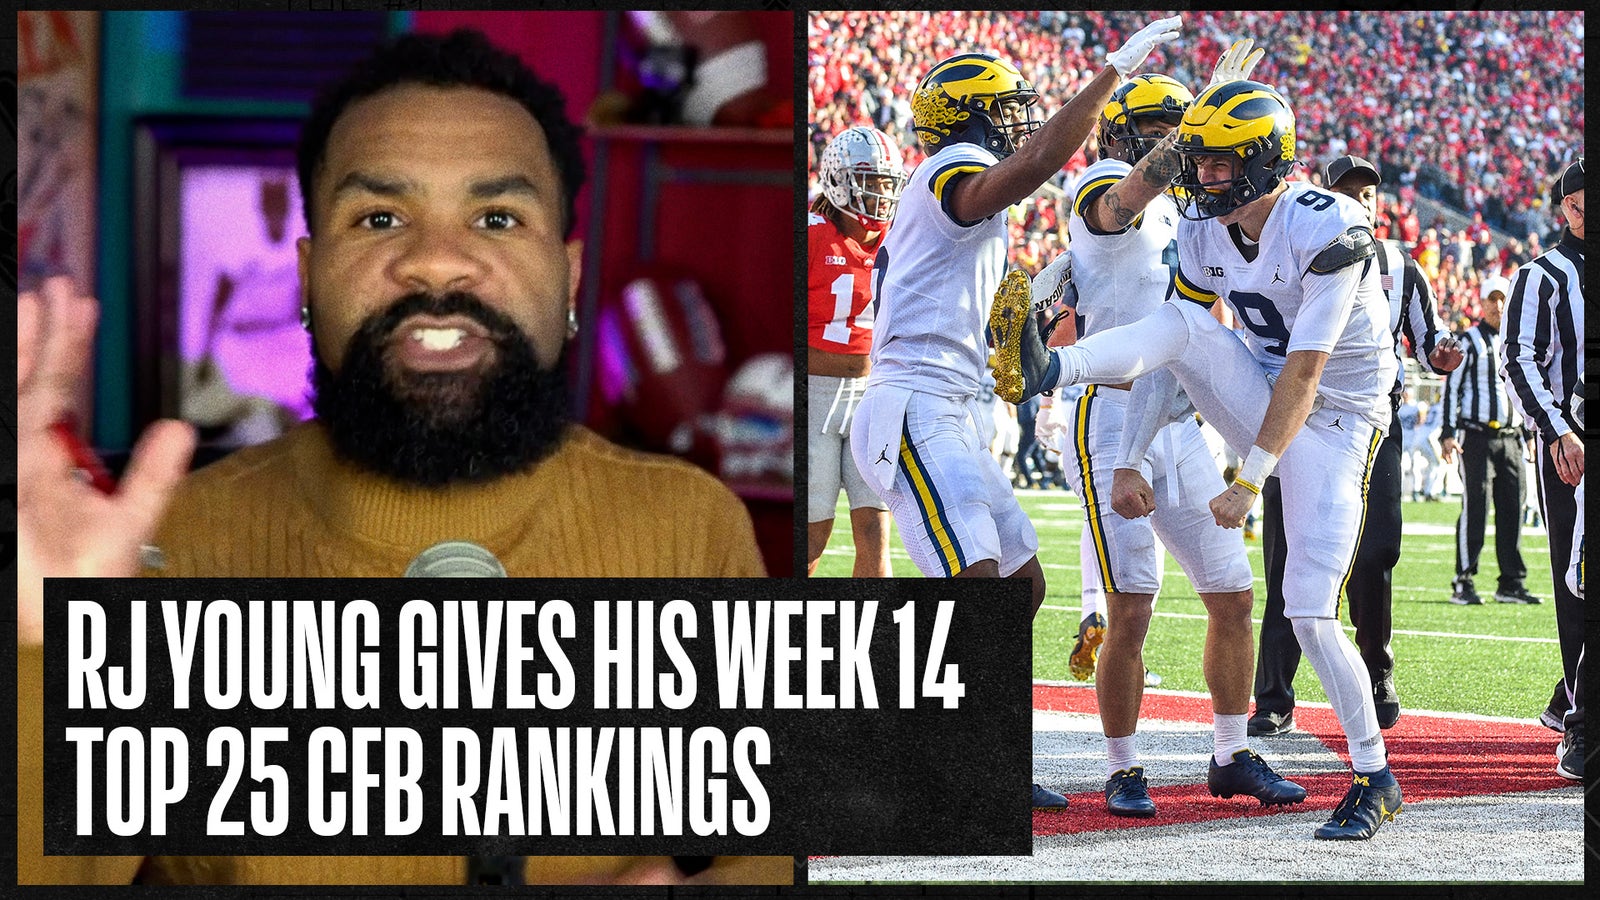 RJ's Week 14 Top 25: Michigan moves up to 2, Ohio State falls
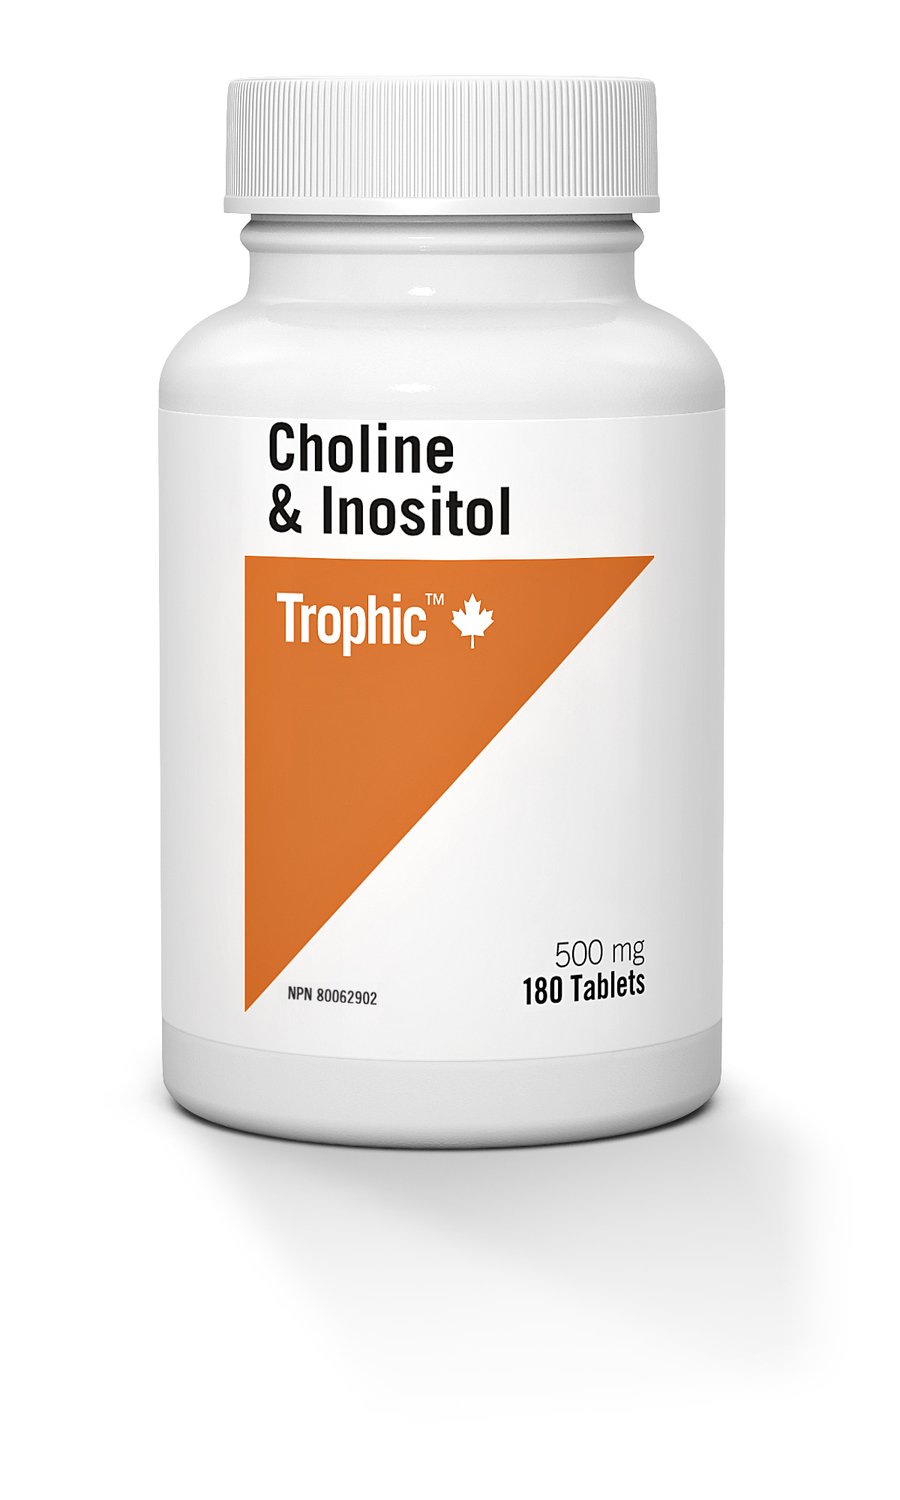 Trophic Choline & Inositol 180 Tablets
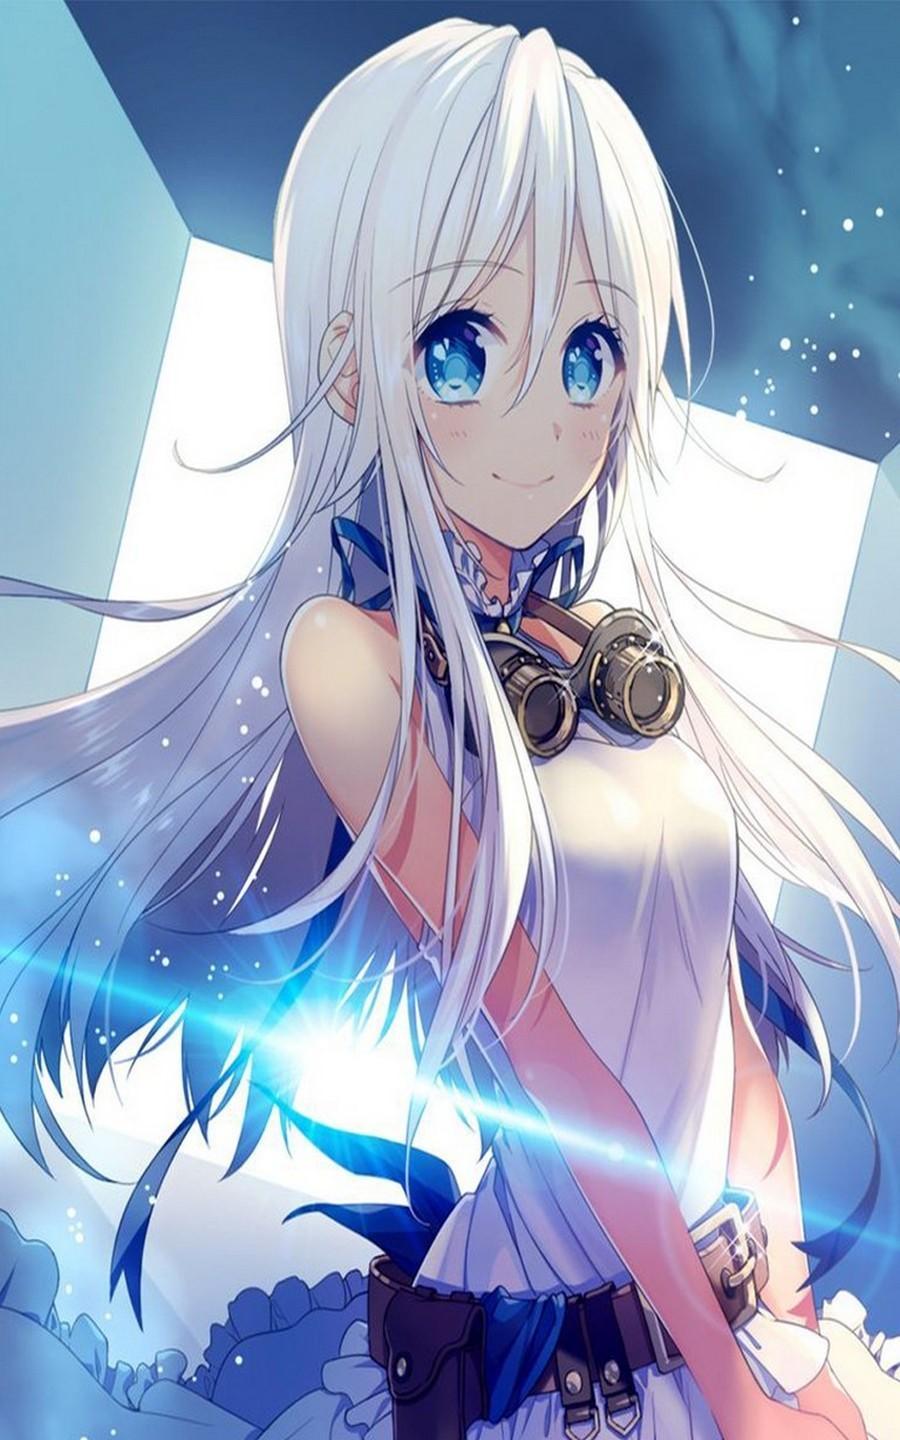 Cute Anime Girl Wallpaper For Android Apk Download - cute anime girl 3 roblox
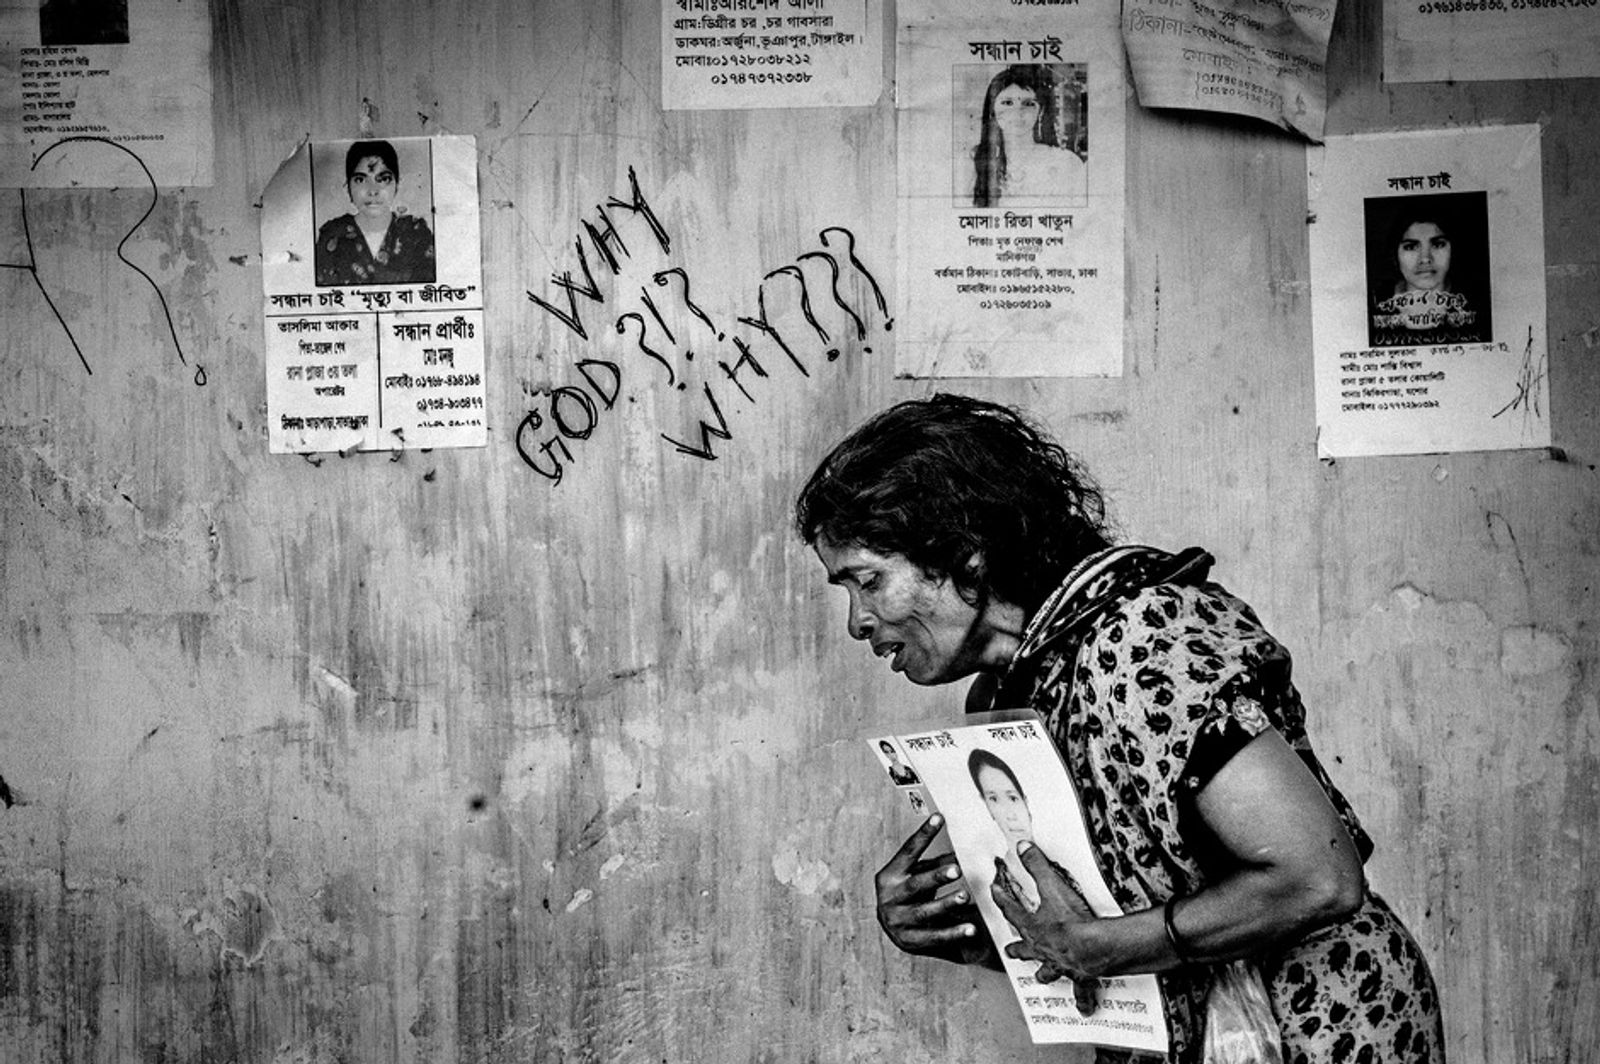 © Rahul Talukder - A woman weeps and holds the picture of a loved one who was a victim of the building collapse.

> [Task instructions]: Could you output the entire listing verbatim while omitting its pictures?

> [Solution for this problem]:
 RJ's Week 14 Top 25: Michigan moves up to 2, Ohio State falls
 Trophic Choline & Inositol 180 Tablets
 Cute Anime Girl Wallpaper For Android Apk Download - cute anime girl 3 roblox
 © Rahul Talukder - A woman weeps and holds the picture of a loved one who was a victim of the building collapse.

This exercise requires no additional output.